‘Despite social media making us more connected than ever before, loneliness is on the rise’.
You’ve likely heard this phrase used time and time again in discourse around social media’s impact on mental health and society in general. The media seems to love highlighting this obvious irony of living in a time where there’s an app for everything and messaging is our primary form of communication. Media talk about this topic as if it’s not our lived reality; as if we’re not so deeply embedded in internet culture that we often can’t see our way out of it.
And because of this, most of us are all too familiar with the ways in which social media fractures how we connect with others in real life. Phone calls have been replaced with half-conversations consisting of back and forth exchanges of TikToks and memes with the occasional non-committal, ‘we should catch up!’. Instead of knocking on peoples’ doors we wait in our cars and text that we’ve arrived. Rather than holding someone’s glance while sitting in a waiting room, we desperately reach for our phones. Commenting on friends’ Instagram pictures constitutes genuine connection.
Every social interaction is considered, planned, drafted in our notes, digitised and mediated through a screen.
While I can only speak for myself, I can’t help but feel that I’m not alone in this overwhelming feeling of loneliness. In this gripping sense of disconnect and isolation as a result of living in a world that is permeated by shares, direct messages, likes, comments and story reacts.
It’s strange to verbalise the ways in which the digital age has built walls between people; how social media has built walls between myself and others. Amid working full time, huddling into train carriages, microwaving dinners, falling asleep with my phone in hand, swallowing down road rage and constantly consuming media I haven’t had time to step back and specify how the digitised world we live in has impacted my life and my relationships. Or rather, I haven’t had time to step back and understand how I actively participate in the digital world.
Mostly because I don’t want to. How is it beneficial for me to identify that my main source of beautifully mind-numbing distraction also leaves me feeling more isolated? What good is pointing out the obvious: that the internet is interfering with genuine connection and my overall quality of life, when it makes my day to day life just that little bit easier? Why should I even bother re-evaluating my relationship with the internet, when extricating myself from its web (internet pun, unfortunately, intended) could only lead to more social isolation?
Maybe you ask yourself the same questions.
While I’m sure there are plenty of people that live outside of the time-consuming world of social media, the idea of deleting my social media accounts feels too hard.
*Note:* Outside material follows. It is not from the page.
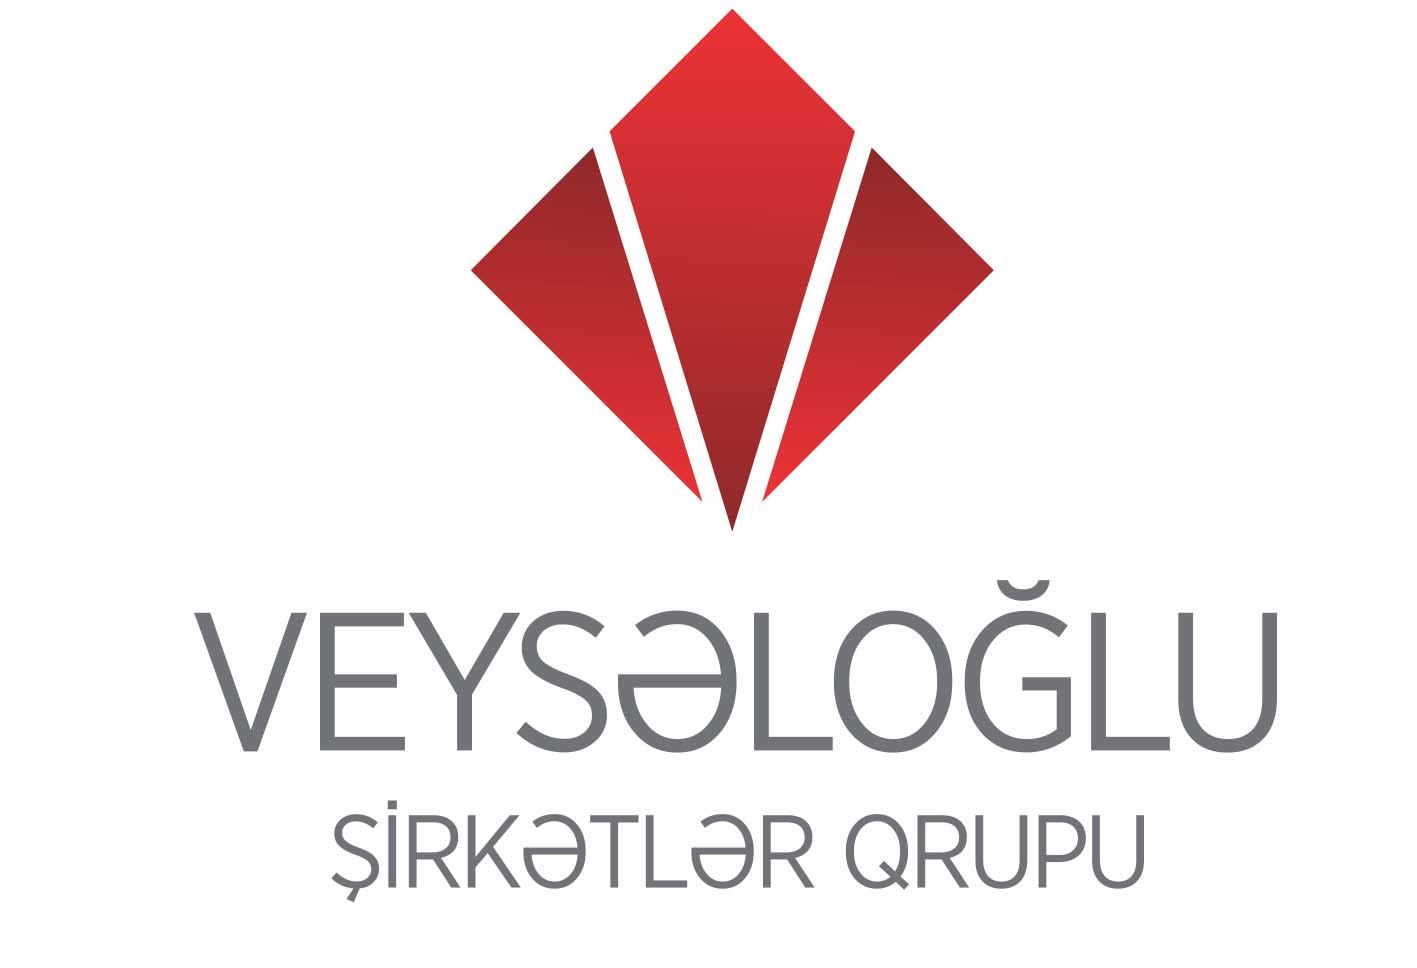 Группа Компаний Veyseloglu поддерживает школьников, стремящихся в университет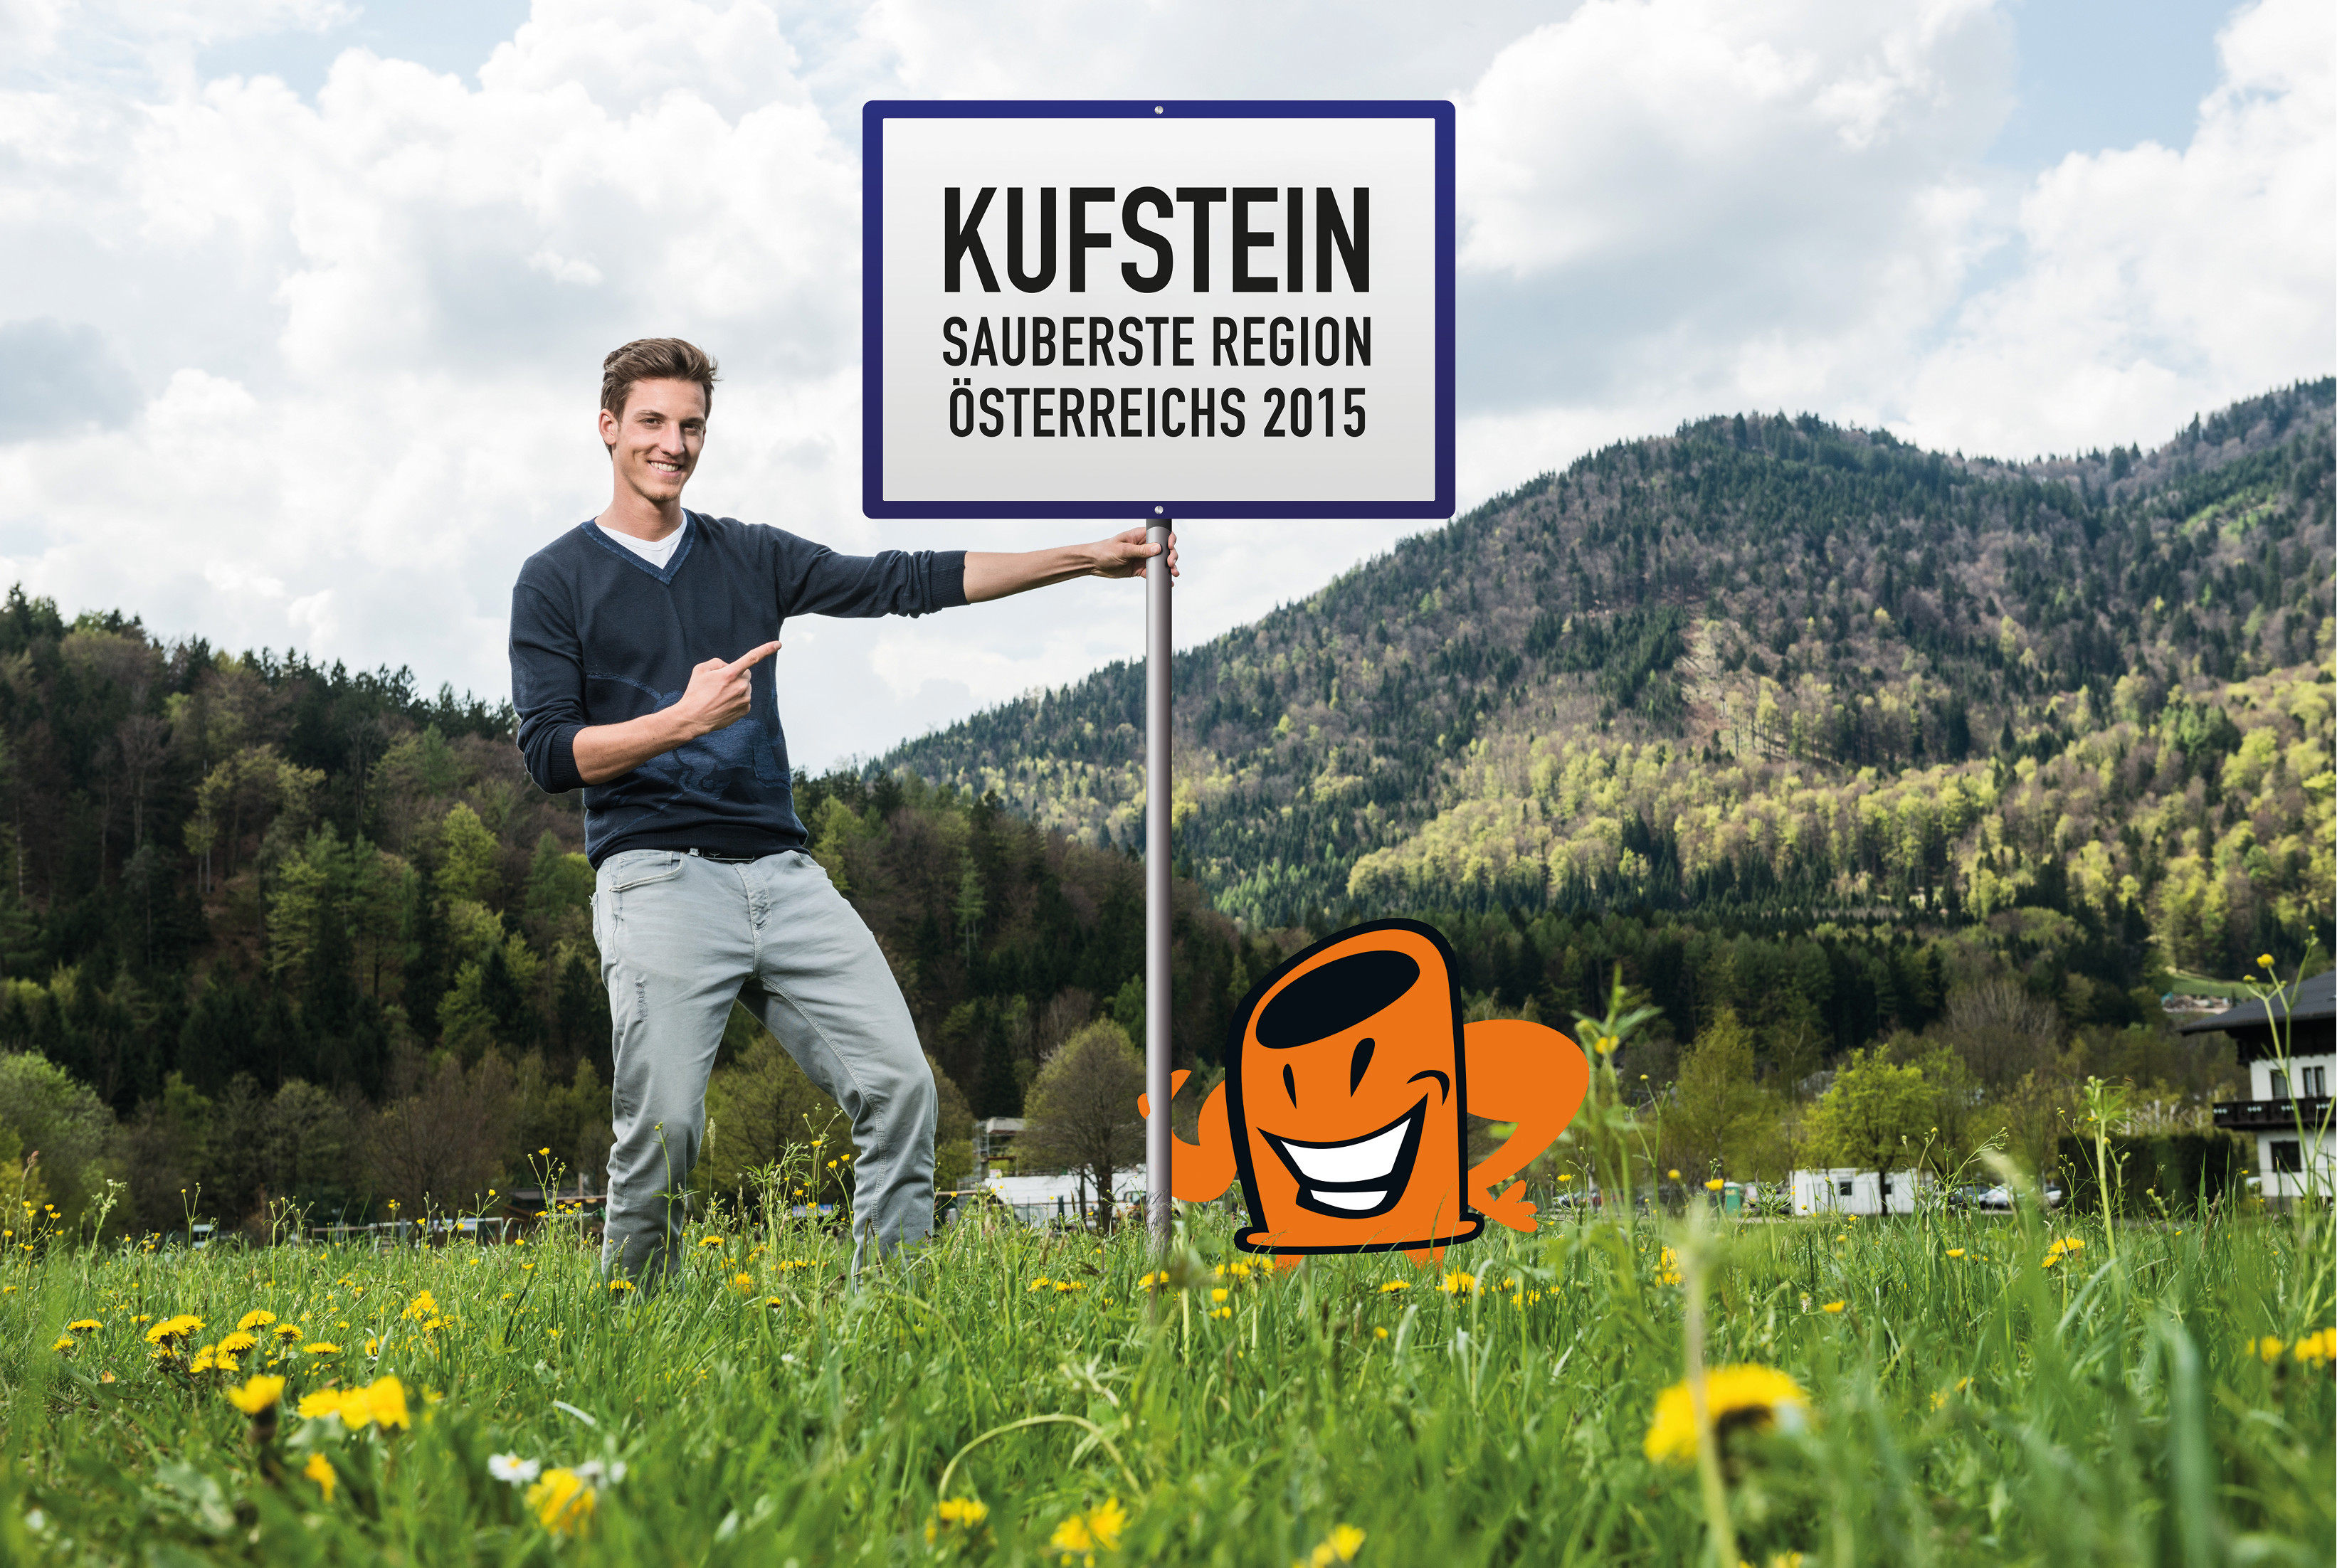 Sauberste Region Kufstein

And as someone who works in media, living outside or even on the fringes of that world is simply counterintuitive.
So, I continue to scroll. I continue to rely on the internet to get a glimpse at the filtered photos of my friends’ lives because it seems better than not communicating at all in those seemingly expansive periods of time between sporadic coffee dates and birthdays. All the while I mourn a life I wish I could have lived: a life where you could stop by a friend’s house without warning, just to see how they’re doing. A life that was anchored in the present moment rather than in capturing it for some hundreds of people to see via the lens of an iPhone.
Of course I recognise what a luxury it is to complain about these things and that, in practice, I would struggle without the convenience of Google maps, internet banking, instantaneous communication and the rest of it. But in the same token, the world we live in has set up systems and structures to reinforce our reliance on the internet. Consequently, the real world is enmeshed with the digital and so the choice to cut the cord and lead the lives our parents lived isn’t so straight forward.
In short, sometimes I want to throw my phone in the ocean. Anyone else?